A majority of California's precipitation falls in the north, and as a result the south is more parched and arid. However, the milder climate of the south has attracted people to live there, and in the beginning of the 20th century the Los Angeles Aqueduct was built, bringing water to thirsty Southern California. However, the capacity of the aqueduct was not sufficient to sustain the growing population of the area for long. As a result cities in the south looked to the abundant rivers of the north to draw their water supply from; however, the sheer distance of the water from the people made diversions on a less than statewide scale practically impossible.

Proposals and consensus

Northern California's water resources were first thoroughly studied in 1873 by Colonel B.S. Alexander of the U.S. Army Corps of Engineers. Alexander compiled a report detailing the drainage areas, discharges and hydrography of major Northern California rivers, specifically the Sacramento and the Feather, the state's first and fifth[1] largest rivers by discharge, respectively. During the late 19th century and early-to-mid-20th century, public opinion for a dam increased with the occurrence of major floods and droughts. A large dam like Oroville could impound rainy-season water, thereby preventing floods, and release it during the dry season, thereby moderating the effects of droughts and providing a stable year-round flow.[citation needed]

In the 1930s, a bill was passed in Congress allowing construction of facilities of the Central Valley Project, a water management project for the Central Valley designed by the U.S. Bureau of Reclamation. By 1940 there was growing pressure for a dam on the Feather River and the construction of an aqueduct to the south.The Burns-Porter Act or California Water Resources Development Bond Act was proposed in 1960 and barely went through by a slim margin – Northern Californians generally opposed the bill because they were afraid that their water supplies were being "stolen" by Southern Californians. Engineer Donald Thayer of the California Department of Water Resources was commissioned to design a dam on the Feather River at Oroville. Despite frequent floods and opposition from area residents, construction work on Oroville Dam started in 1961.

Construction

New Bidwell Bar Bridge, built in 1965, spans an arm of Lake Oroville, which was once a canyon of the Middle Fork Feather River some 600 feet (180 m) deep.

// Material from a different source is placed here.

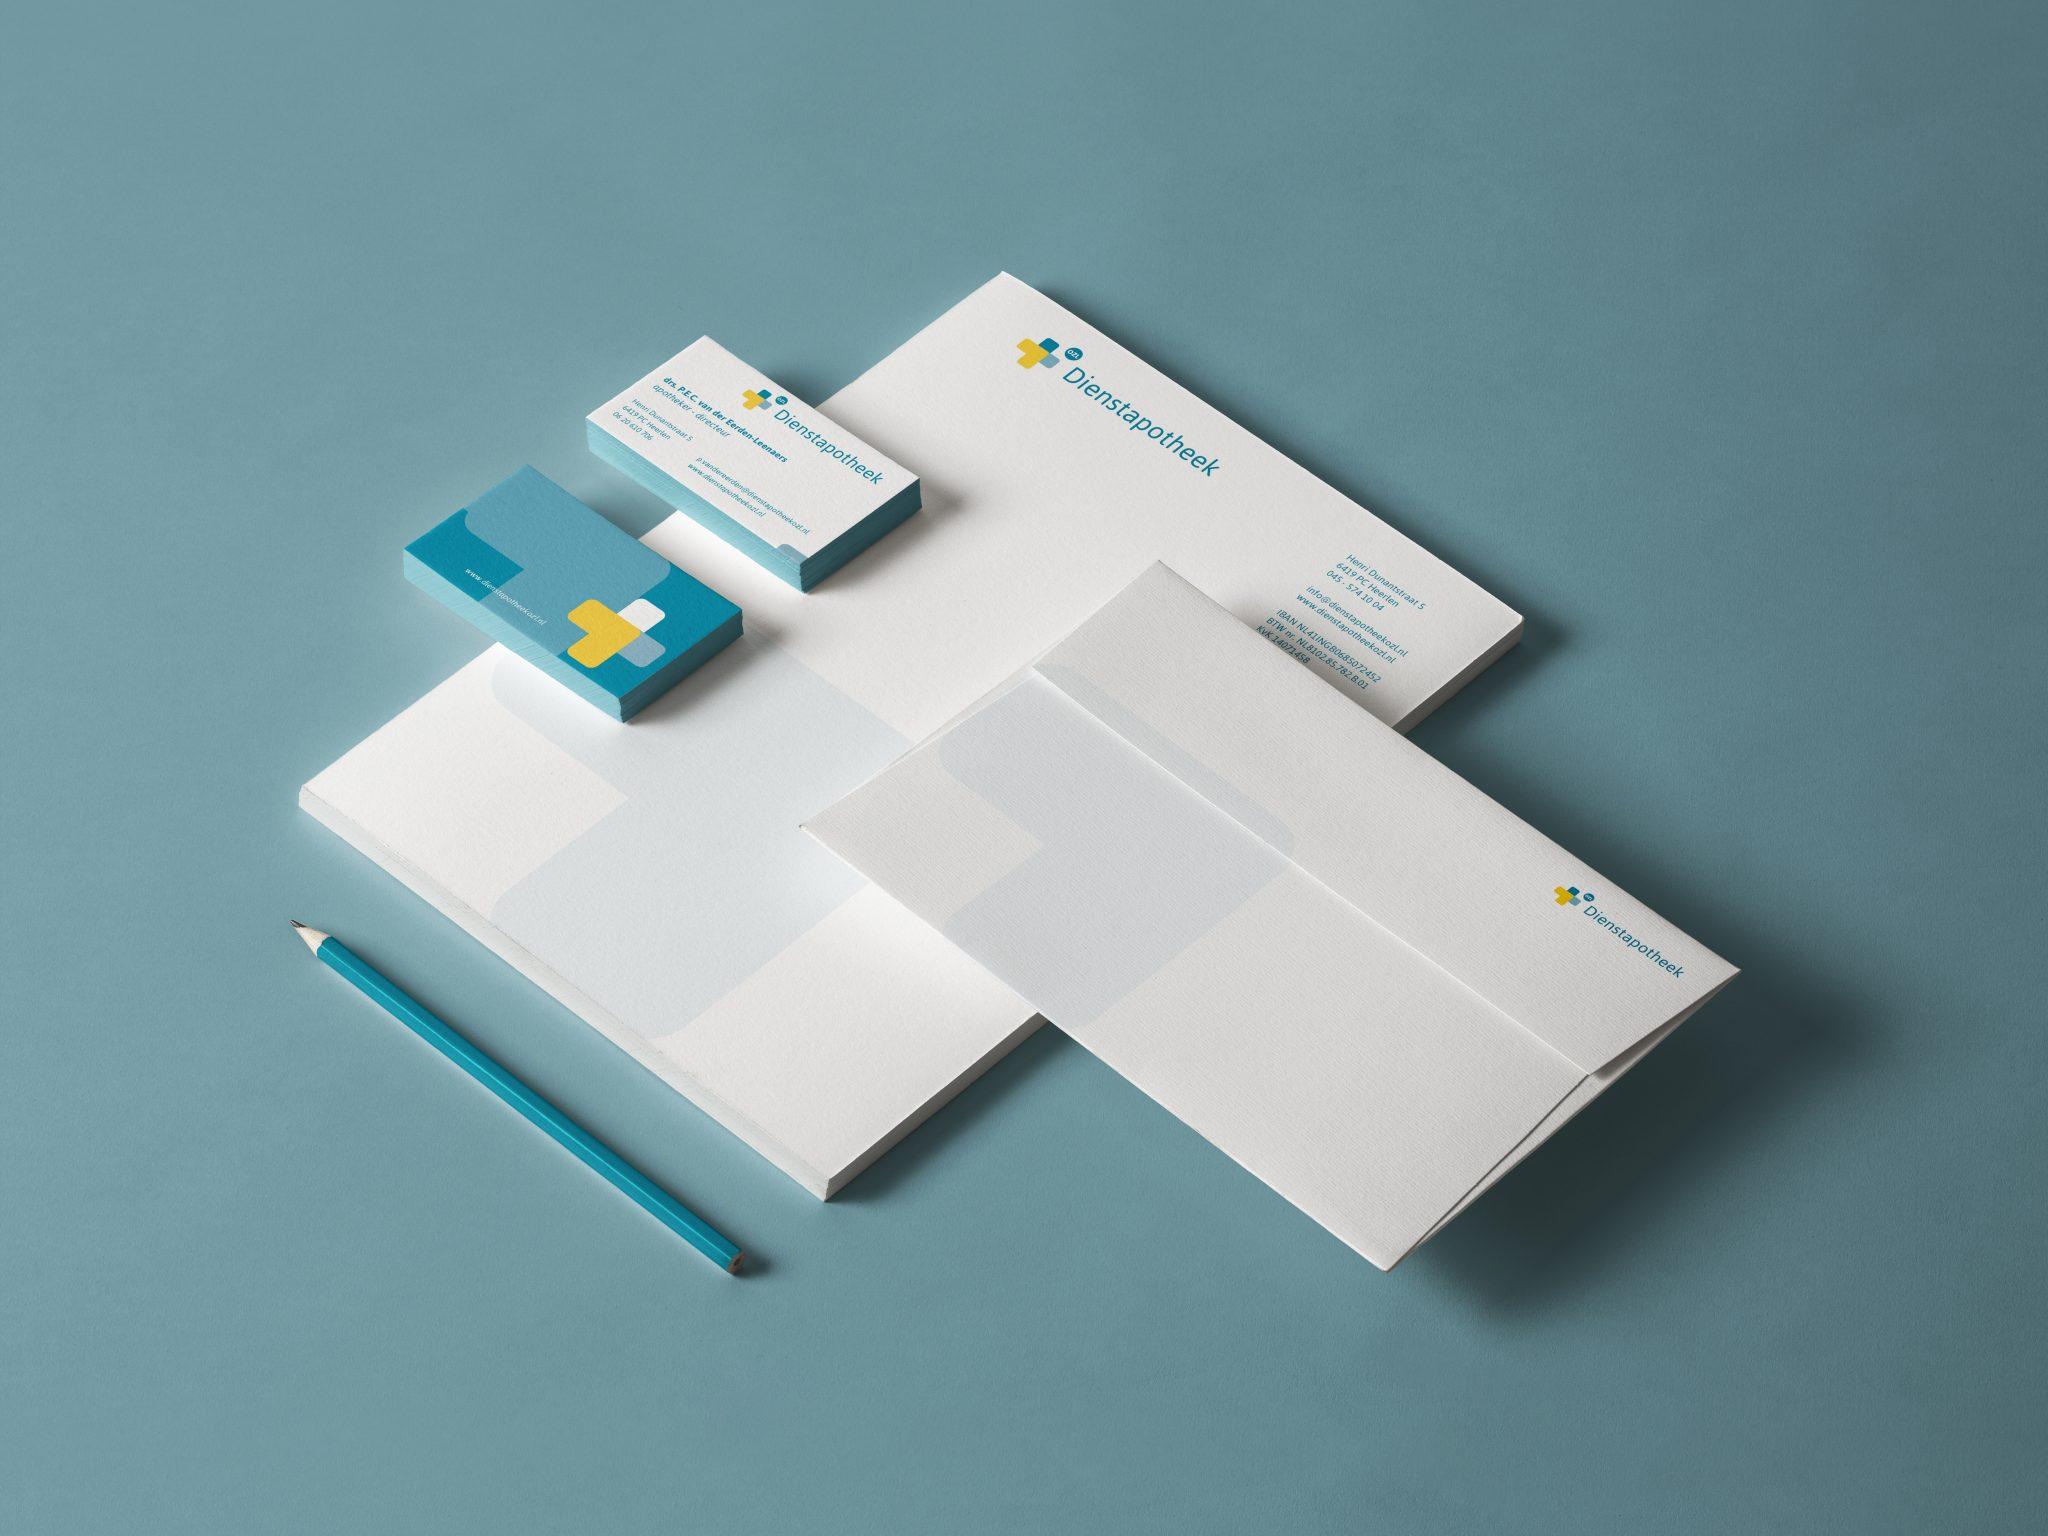 dienstapotheek ozl huisstijl vormgeving drukwerk

Establishment of the Oroville Dam site began in 1957 with the construction of a pair of tunnels to relocate part of the Western Pacific Railroad tracks, which ran through the Feather River valley and would be inundated by the future reservoir.[2] As California State Route 162's route also placed it within the proposed Lake Oroville area, construction began on the New Bidwell Bar Bridge crossing the canyon of the Middle Fork Feather River, which in a decade would be inundated by the rising waters of Lake Oroville. The bridge was not completed until 1965; for several years, it stood over 600 feet (180 m) above the river as construction on the dam began.[citation needed]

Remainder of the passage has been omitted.